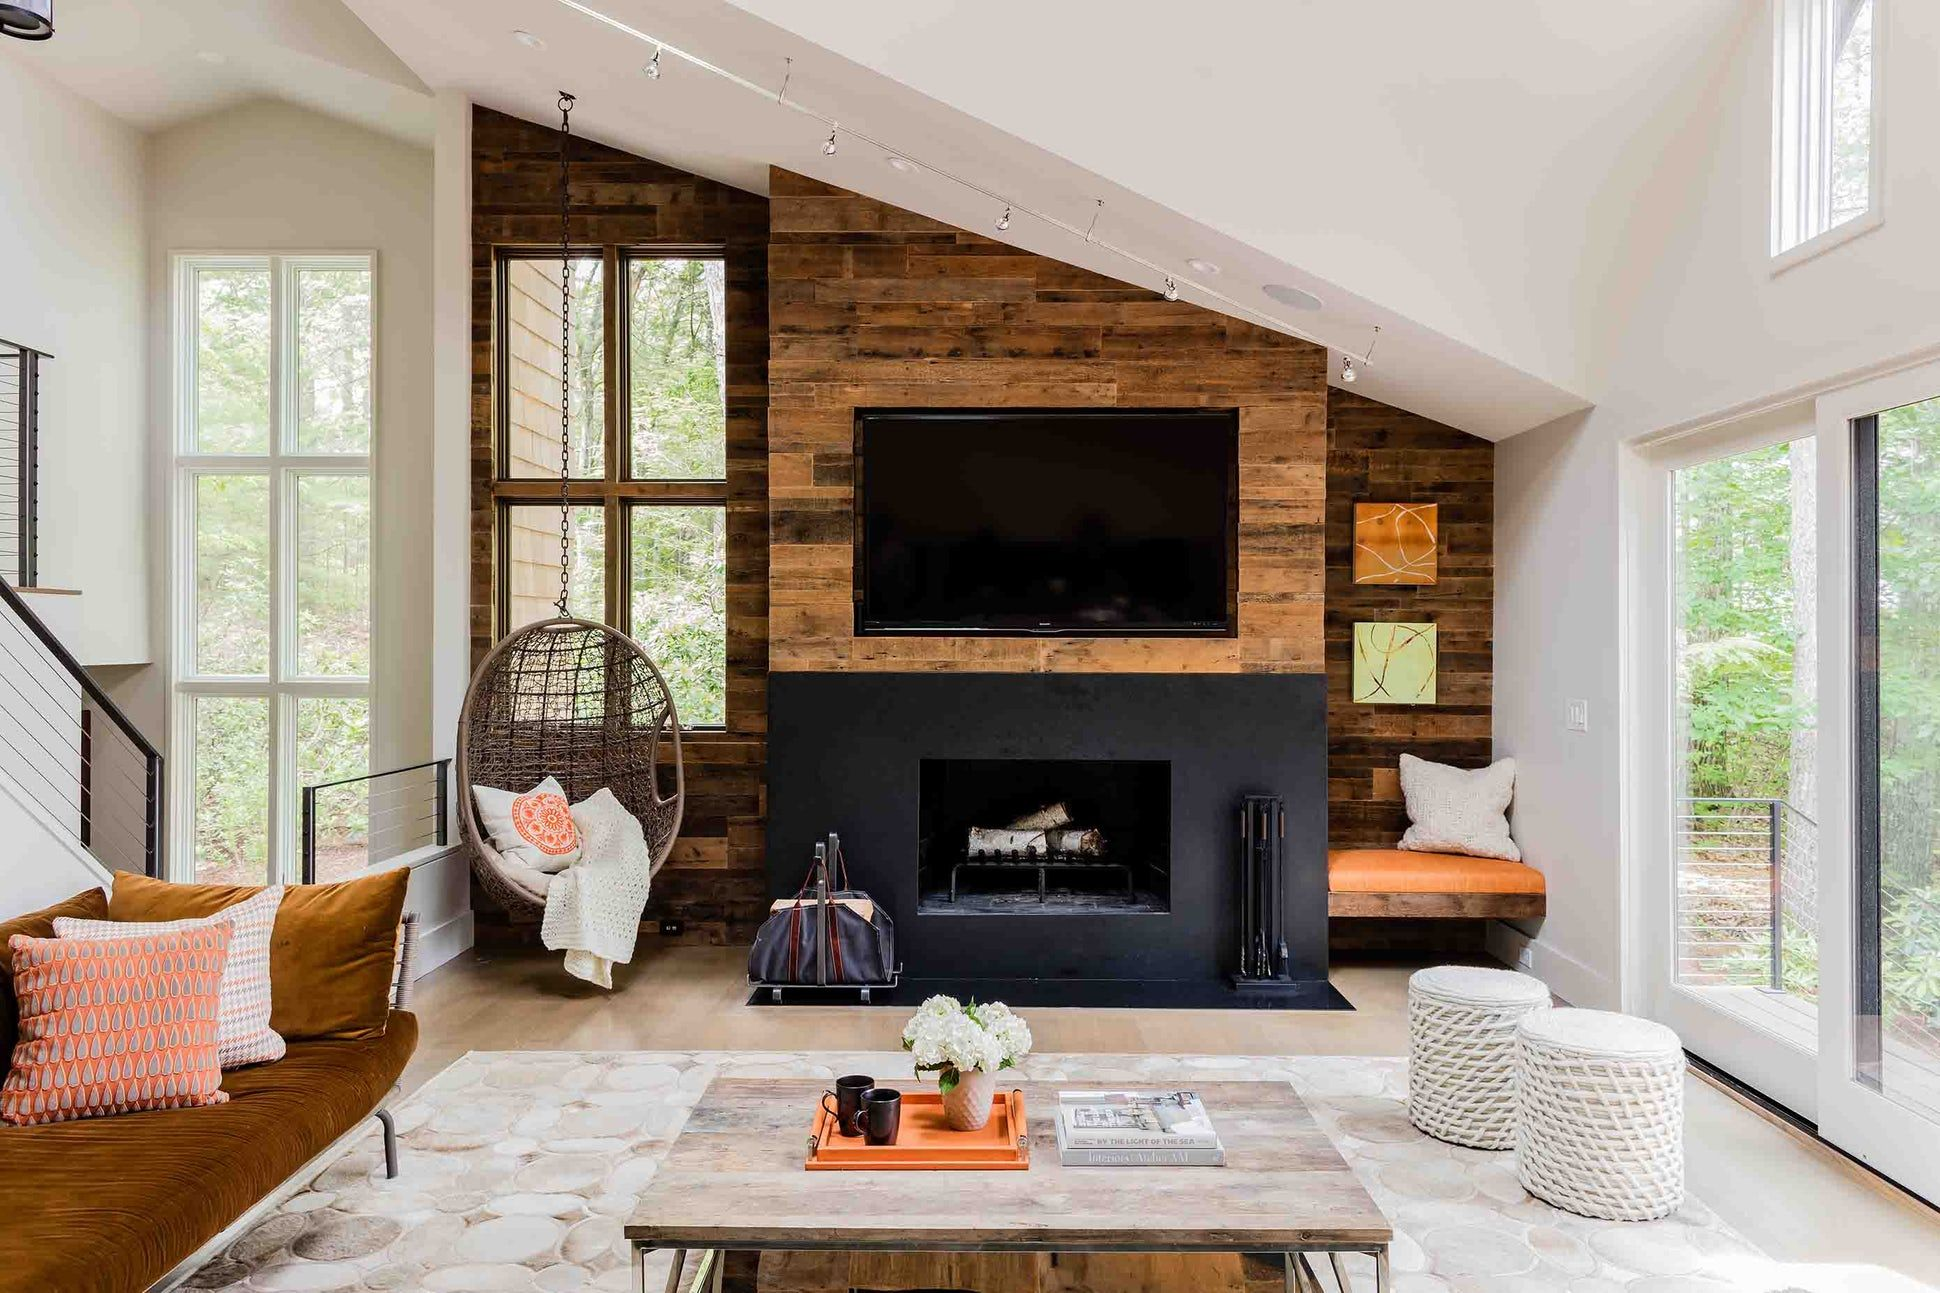 65 best fireplace ideas beautiful fireplace designs decor rh elledecor com wood stove fireplace ideas wood fireplace ideas modern
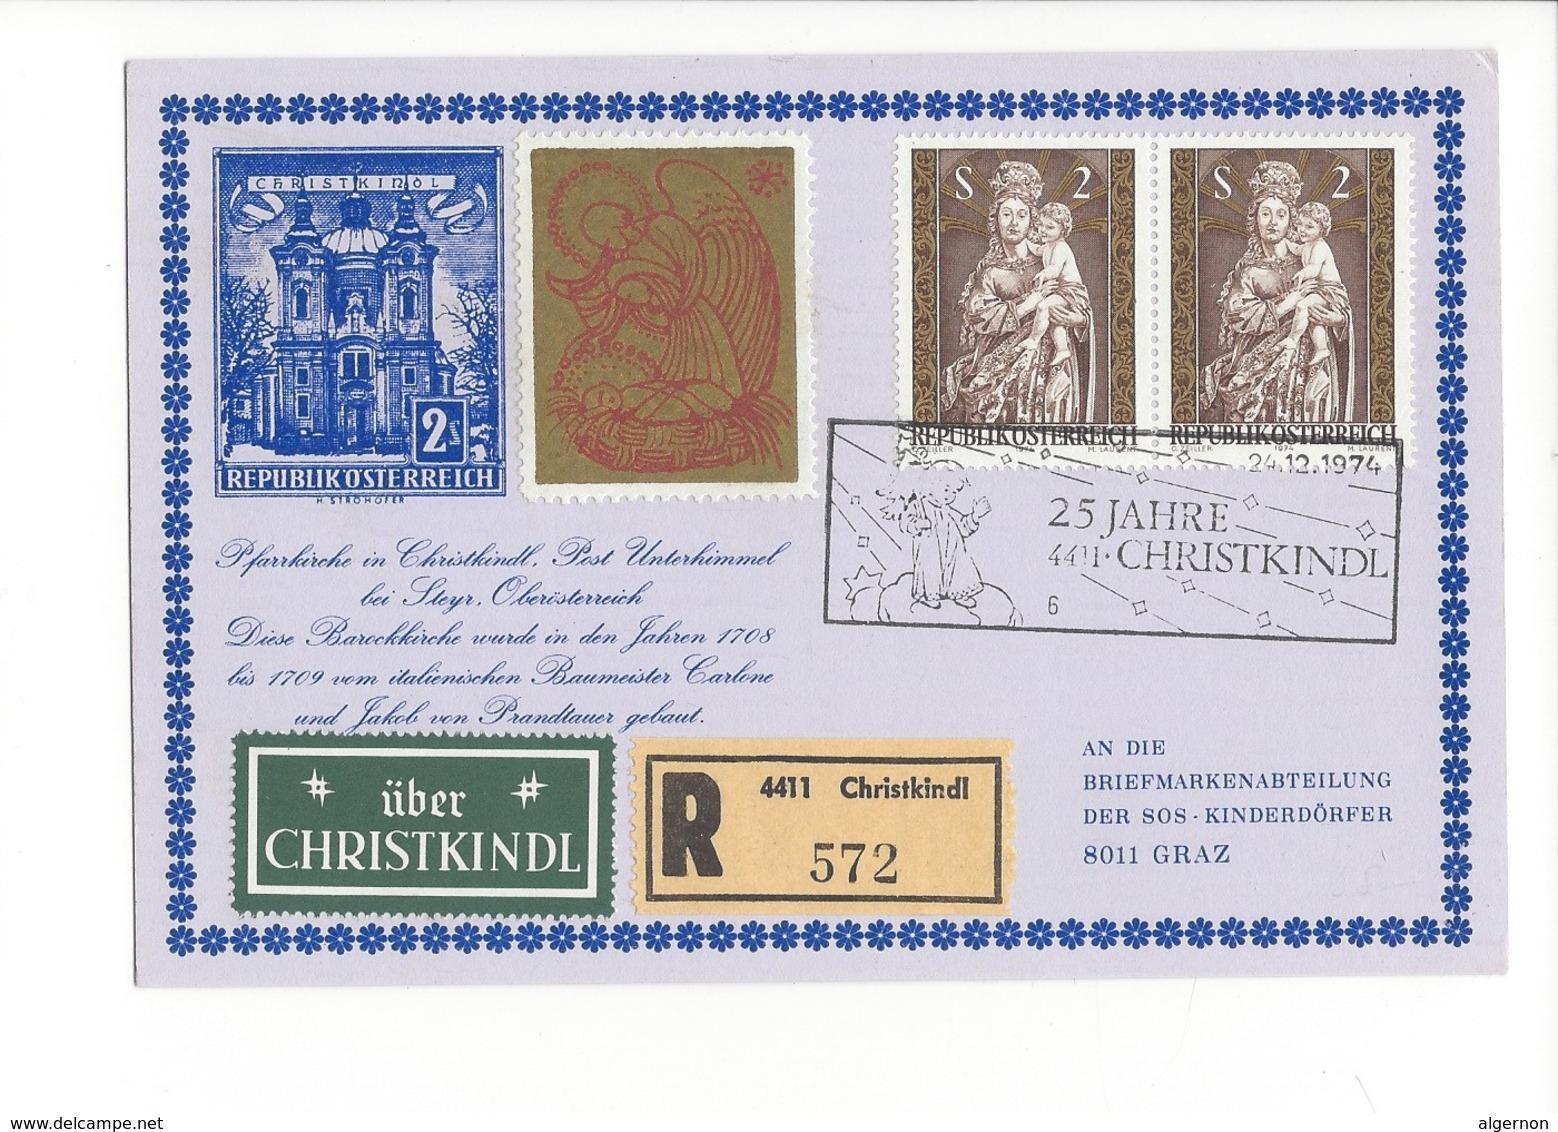 20984 -  Christkindl 24.12.1974 Carte Recommandée Pour Graz+ Vignette über Christkindl 25 Jahre - Noël
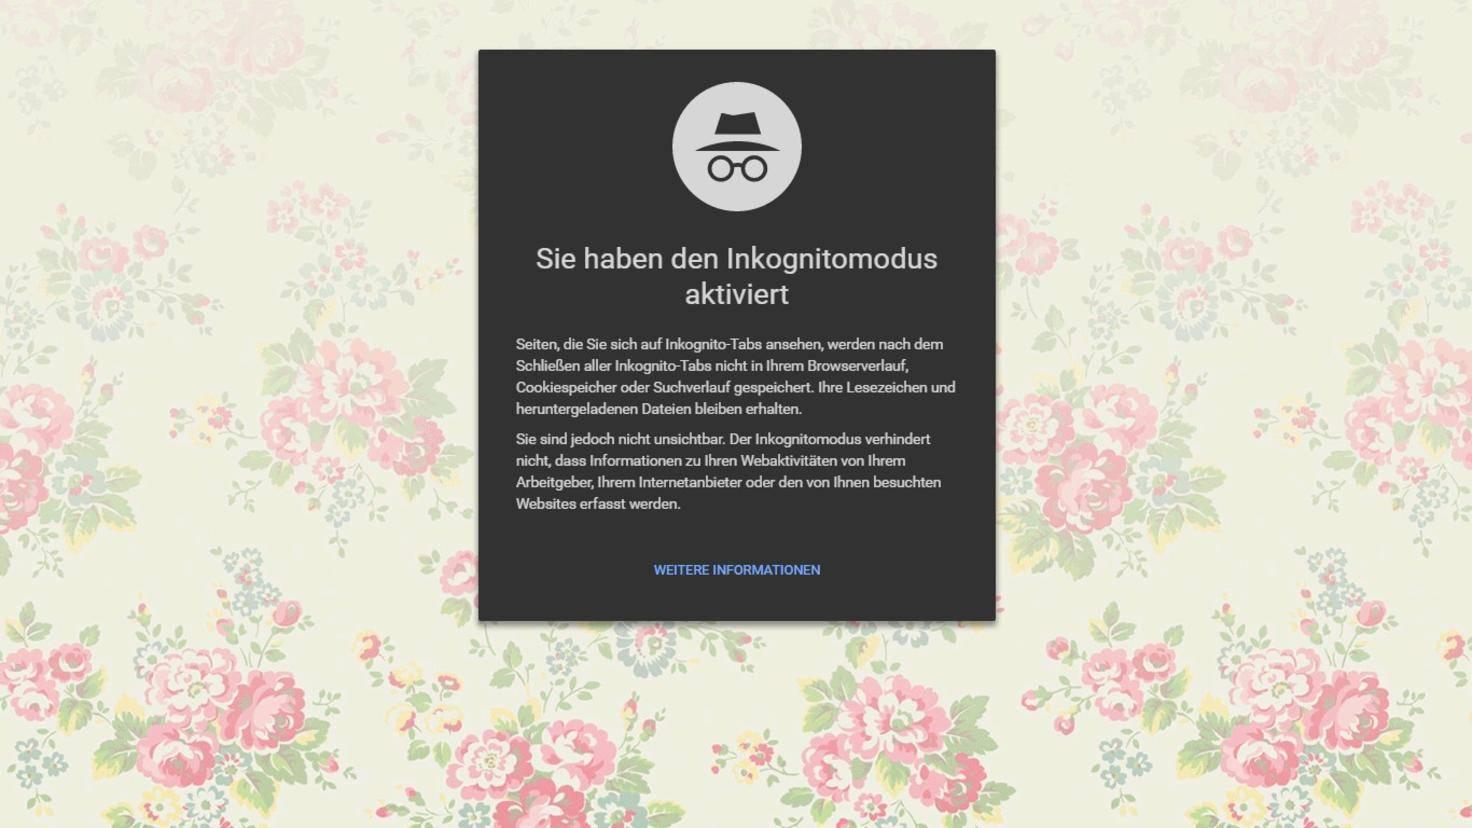 7 Geheime Befehle Fur Google Chrome

┄┄┄┄┄┄┄┄┄┄

= Problem description =
Write the listing out a second time exactly, dropping all images.

= Output =
 65 best fireplace ideas beautiful fireplace designs decor rh elledecor com wood stove fireplace ideas wood fireplace ideas modern
 20984 -  Christkindl 24.12.1974 Carte Recommandée Pour Graz+ Vignette über Christkindl 25 Jahre - Noël
 7 Geheime Befehle Fur Google Chrome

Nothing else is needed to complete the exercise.